Our focus for May was Volunteers - celebrating the hard work and dedication offered by hundreds of people who give their time to us throughout the year.

A New Team of Volunteers

What a way to kick off Volunteer month in our 40th year, by having a team of volunteers from Edelman in the office helping us refine our communications strategy. 

It was a fantastic way to join forces and educate each other on what makes us tick, what inspires us to take notice of something, and how we can formulate ideas to continue to develop our work at Prisoners Abroad. 

Interview with a Volunteer

We asked Alastair some questions about his experience of volunteering at Prisoners Abroad. Alastair has been volunteering with us for three years and is a valued member of the team. 

                                                                          Alastair responding to letters

1)      When did you start volunteering for Prisoners Abroad and why

After 20 years in Probation and Youth Offending I retired in 2012. Happy enough with my new-found freedom, I missed the feeling of being useful and looked for voluntary work which in some way reflected my work experience.

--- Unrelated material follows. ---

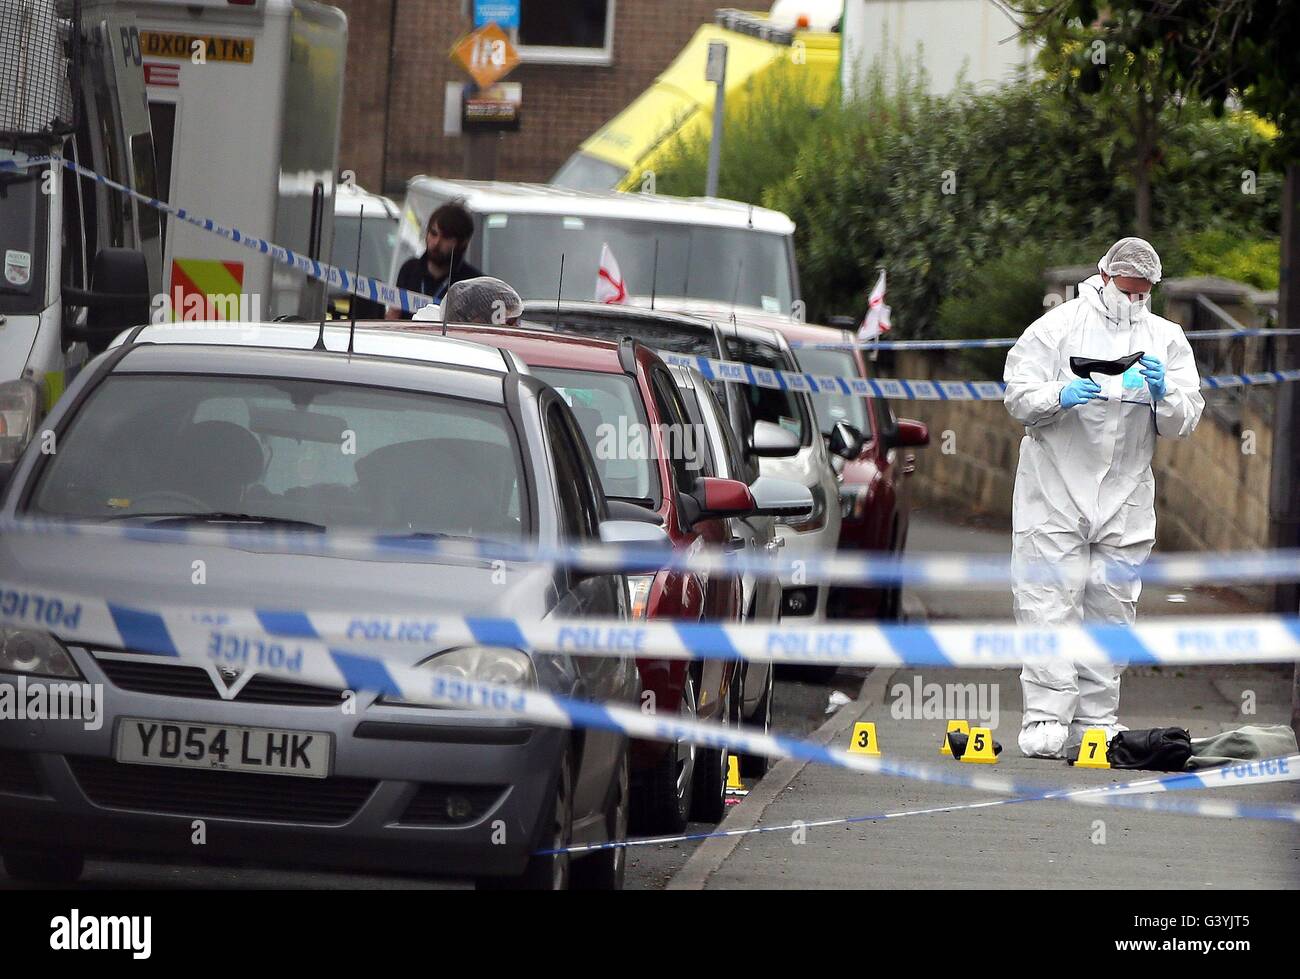 Un agent de police scientifique regarde une femme de service sur les lieux en Birstall, West Yorkshire, après la mort du travail MP Jo Cox, qui est mort après avoir été abattu et poignardé dans la rue à l'extérieur de sa circonscription conseils la chirurgie. Banque D'Images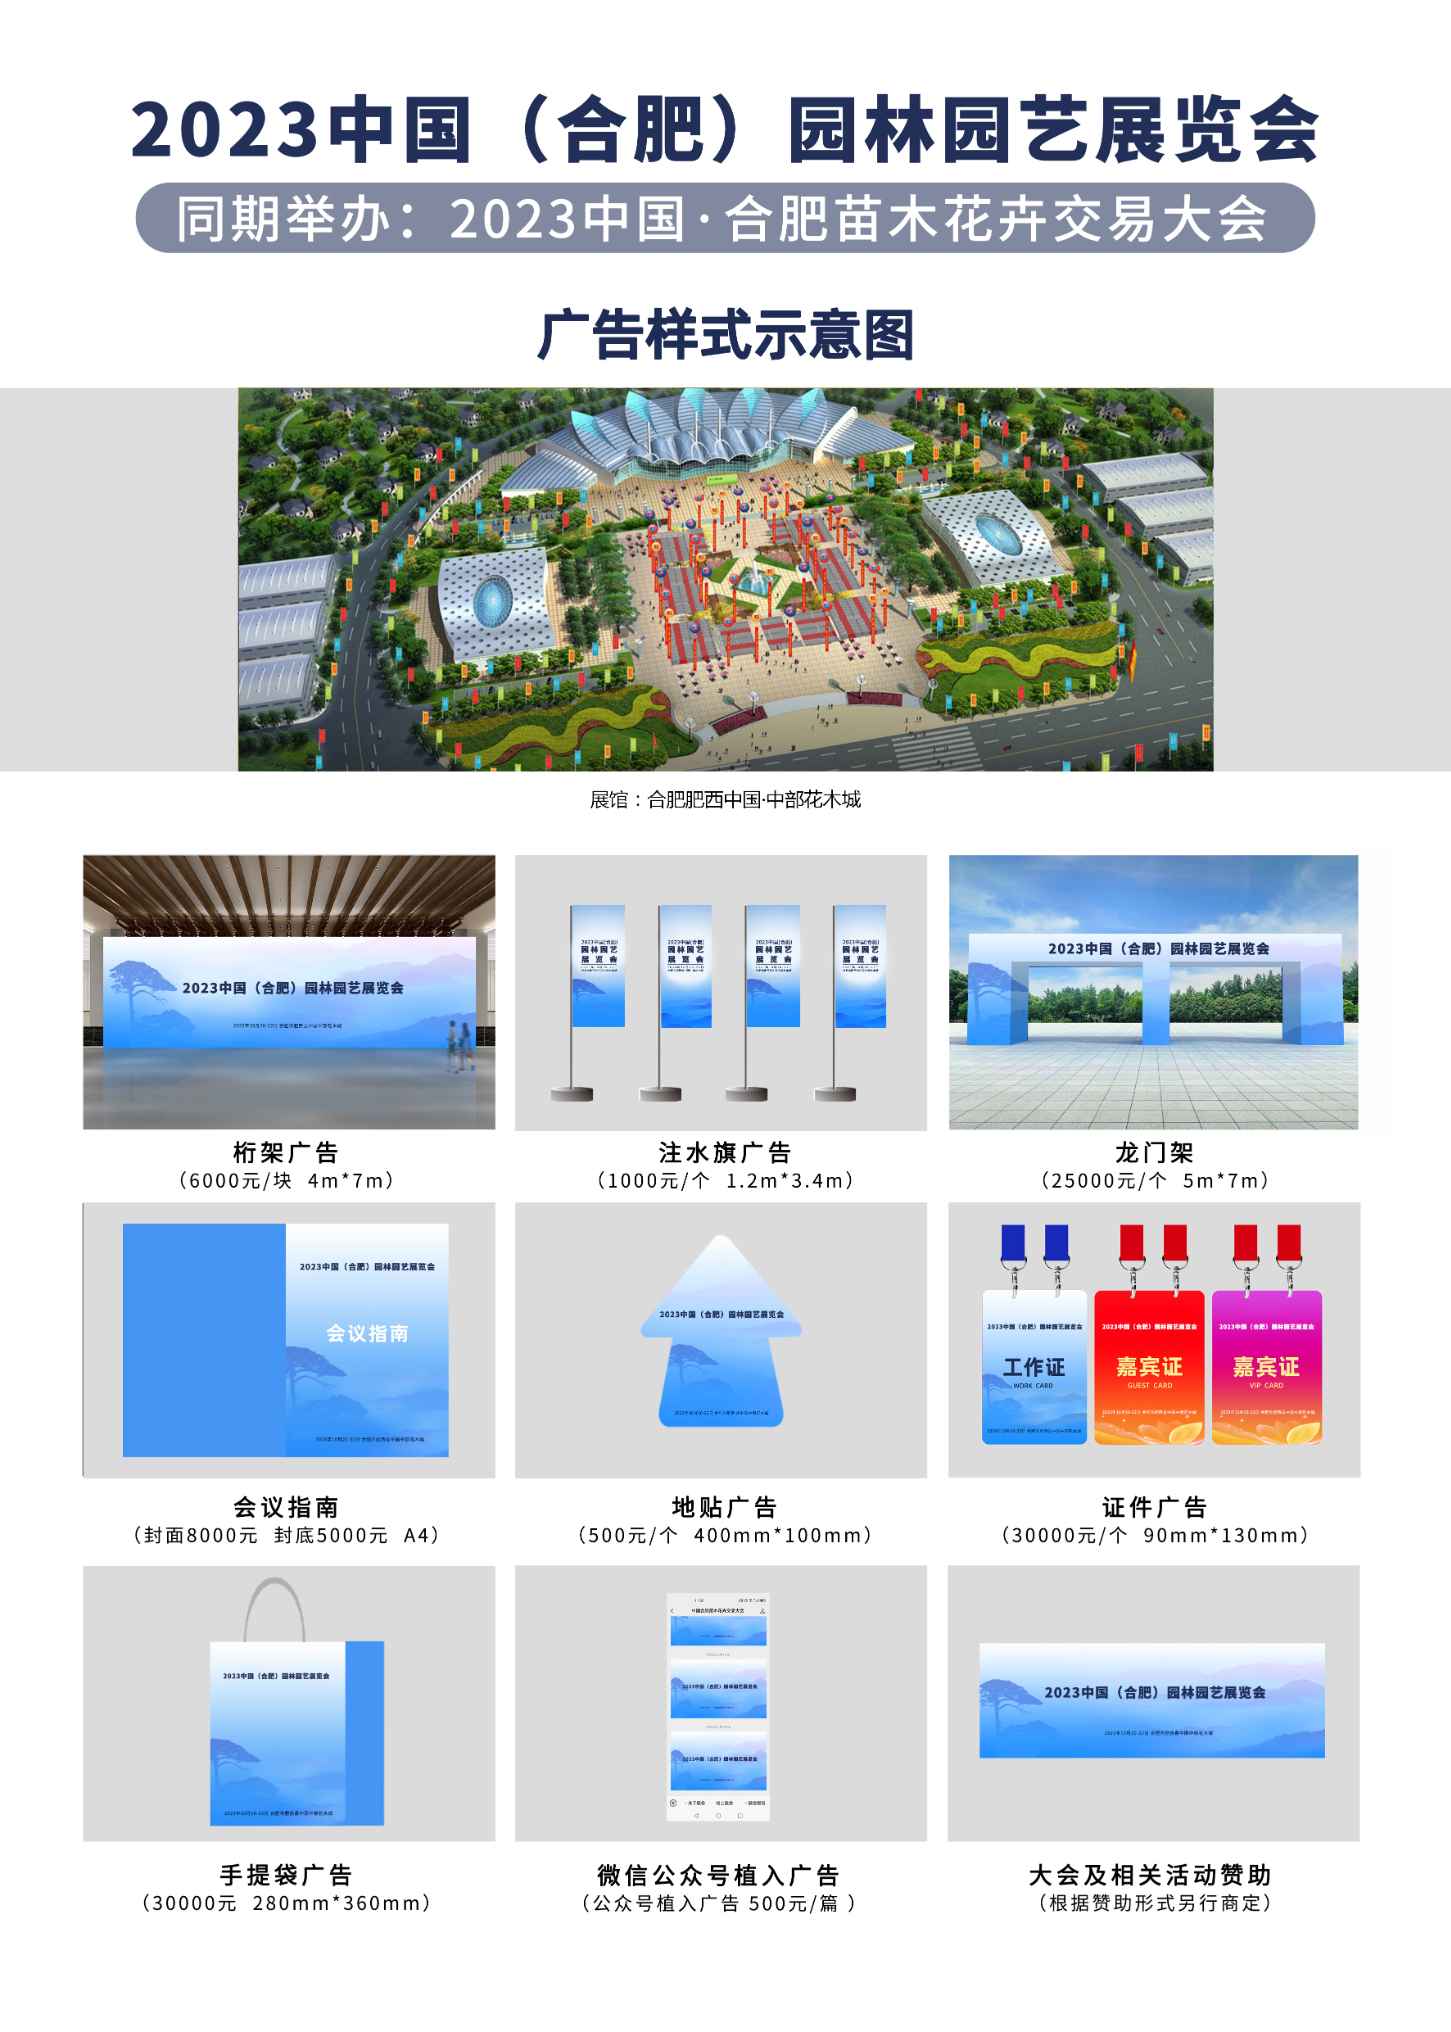 2023中国（合肥）园林园艺展览会广告样式示意图

For a couple of years I was on call as an occasional driver delivering patients to and from the Hampstead Marie Curie Centre for treatment, but kept on the lookout for other opportunities. So when a friend from my Probation days (my first manager in fact) told me about PA and her role as a volunteer, I was immediately interested. I applied and in early summer 2015 started working here one day a week.

2)      What does a typical day at PA look like for you?

My main tasks are: 

  • forwarding to friends and families mail from prisoners which arrives in free-post envelopes supplied by PA; 
  • dealing with mail - books, newspapers, books, birthday and Christmas cards - sent to prisoners by PA but returned by the prison, usually because the prisoner has been released or moved; 
  • contacting British Consulates for updates where the reason for returned mail is unclear or contact with prisoners has lapsed or their release date has passed; 
  • putting together the introductory packs sent to prisoners and to families.

So, I turn up around 11.30 on Wednesdays with my cup of coffee, turn on my computer, read and reply to emails, and check with Sarah, my manager, if there’s anything particular she wants done - mail forwarding usually but occasionally something really exciting involving a trip to the dungeon* where the files are kept. Then it’s back to whichever of the above tasks is a priority

3)      How would you describe the casework team?

Risking their blushes, quite the friendliest, funniest, least-assuming, most professional group of people I’ve ever worked with. Their dedication, patience and expertise is beyond praise.

4)      What do you like most about your Wednesdays here? (don’t say your Happy Days** lunch)

The lunchtime Times quiz*** is a highlight, being part of a very appreciative and friendly team is always a joy and the work is too varied ever to be boring. Happy Days lunch is good too.

5)      What has surprised you most since working with us?

The sensitivity and composure of PA staff working with worried, frightened, often distraught and occasionally difficult people is impressive enough; dealing with officialdom in the same unflustered, diplomatic way but in a foreign language is miraculous. 

*the affectionate nickname for our basement storage area!
**’Happy Days’ is a local café and team favourite
***Some of the staff team attempt the devilishly tricky Times daily general knowledge quiz over lunch. Only once have we managed to get a full 15 out of 15, with Alastair’s help!

Trustee Volunteers

We are incredibly lucky to have such dedicated and engaged trustees to set the strategic goals of the organisation. 

Stuart Cole spoke movingly at one of our Family Information Days about the circumstances that led him to serve a prison sentence in St Lucia. Start is a drugs councellor and writer and last year spoke on BBC Radio 4 about 'Spice' - warning of the crisis in our prisons caused by the synthetic cannabis. 

You can also catch up on what our Trustees say inspires them to be on the Board at Prisoners Abroad. 

Volunteer Translators 

Prisoners Abroad is extremely fortunate to have a team of nearly a hundred volunteer professional translators on our books, covering over twenty different languages, who give up their time and expertise to help our clients understand key documents that could potentially make all the difference. Hear from Masako about her experiences of being one of our amazing volunteer translators. 

GREAT BIG THANKS to all of our volunteers - yesterday, today and in the future. You make such a significant difference to our work.